The morphologic findings typical of Chiari I are by no means rare. In a series of 200 asymptomatic persons, one control subject was reported to have cerebellar tonsils projecting 5 mm below the foramen magnum (8). Another study found 68 patients fulfilling the diagnostic criteria in a sample of 12,226 patients who had been examined by MR imaging (30). The corresponding prevalence rates are 0.5% and 0.6%, respectively. On the other hand, one third of patients fulfilling the diagnostic criteria of Chiari I were asymptomatic. It is conceivable that a certain proportion of incidentally diagnosed subjects will eventually incur signs and symptoms related to the malformation, whereas others will continue to remain asymptomatic (31). It is commonly believed that clinical symptoms occur only when arachnoid scarring and adhesions progressively develop near the foramen magnum. The interference of such adhesions with normal CSF dynamics has therefore been implicated in the development of syringomyelia. The measurement of flow and motion on MR studies has the potential to identify a subgroup of patients who are at risk of becoming symptomatic.

In patients who already are symptomatic, whether because of brain stem or cord compression or because of syringomyelia, the correct timing of decompressive surgery is important, as is the choice of the appropriate procedure. Patients with Chiari I malformation who were symptomatic as a result of brain stem compression improved markedly after decompression. Symptoms resulting from syringomyelia, however, only stabilized or improved just slightly (31). Surgery appears to reverse the pathophysiology of progressive deterioration, and early diagnosis and treatment are critical to obtain the best outcome for the patient.

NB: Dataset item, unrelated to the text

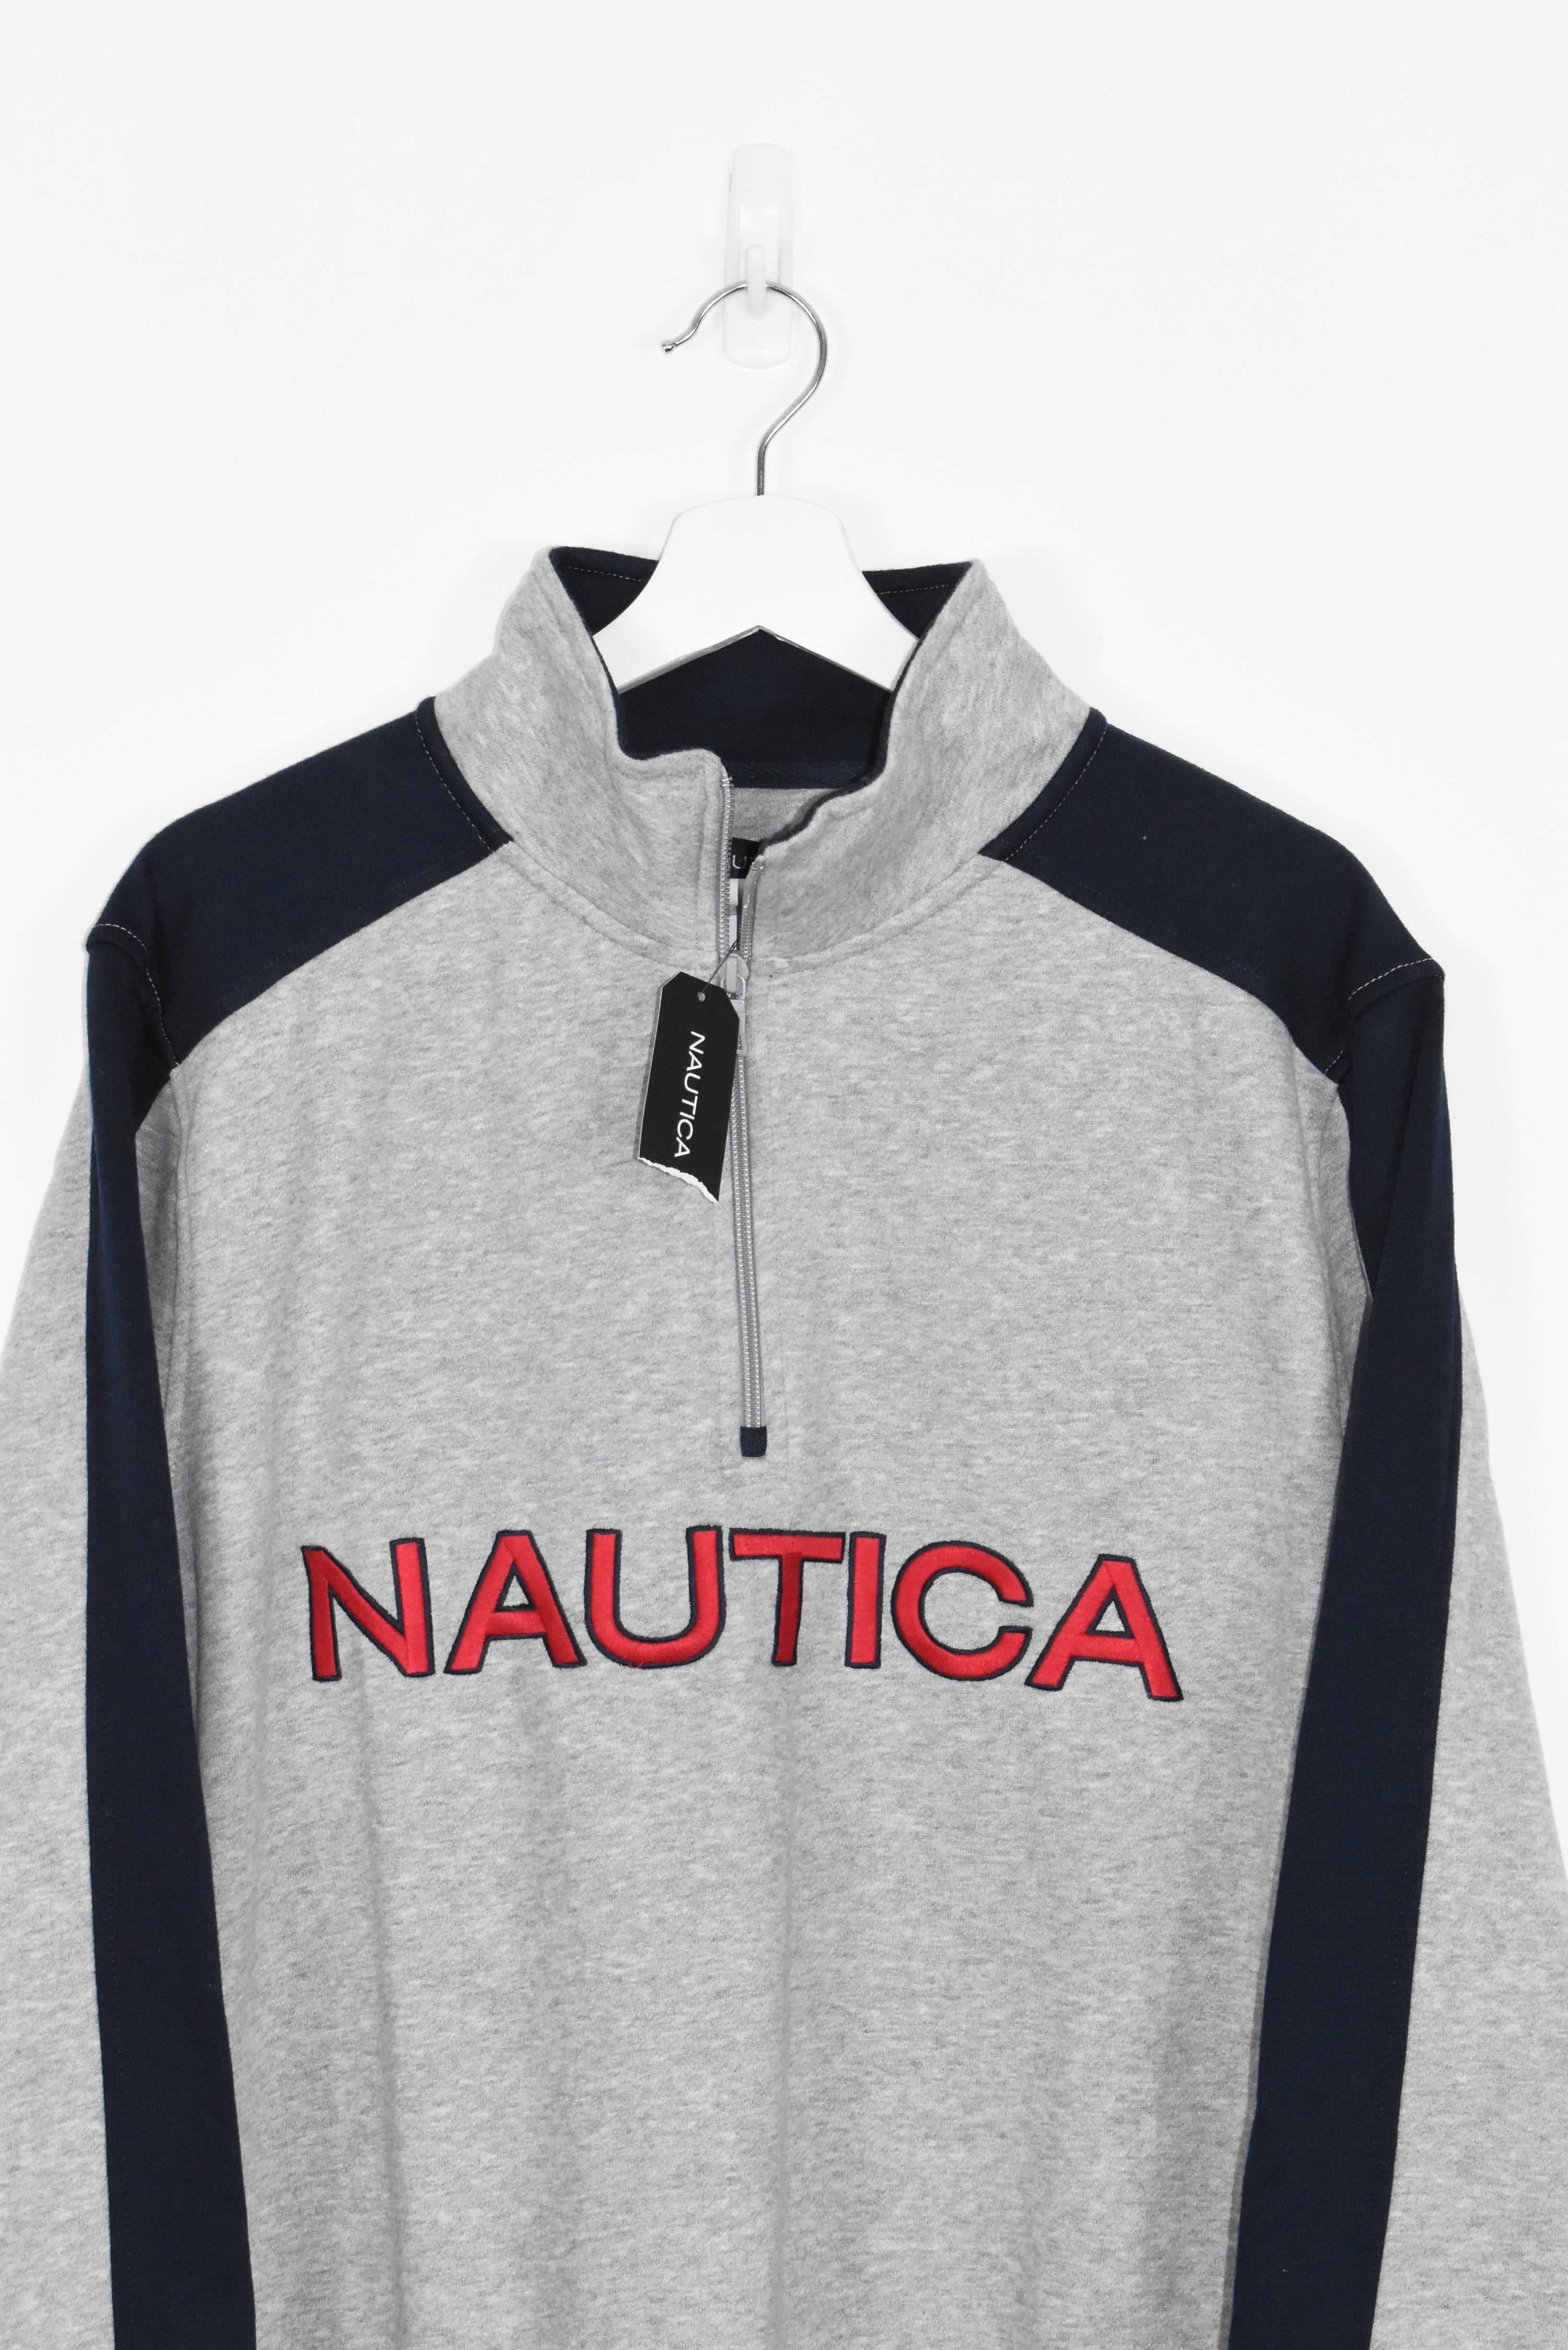 Vintage Nautica Embroidered 1/4 Zip Sweatshirt Large (Baggy)

Postoperative studies after decompression mirrored the velocity profiles of healthy subjects (1). Good correlation with postoperative improvement was reported (2), which suggests that dynamic MR studies may help us understand the natural history and pathogenesis of the Chiari I malformation. So far, however, no therapeutic inferences should be drawn from flow measurements. The method and its results should rather be validated in a larger sample of patients by correlating the imaging findings with clinical symptoms and by evaluating the sensitivity and specificity of MR findings with regard to the outcome of surgical treatment.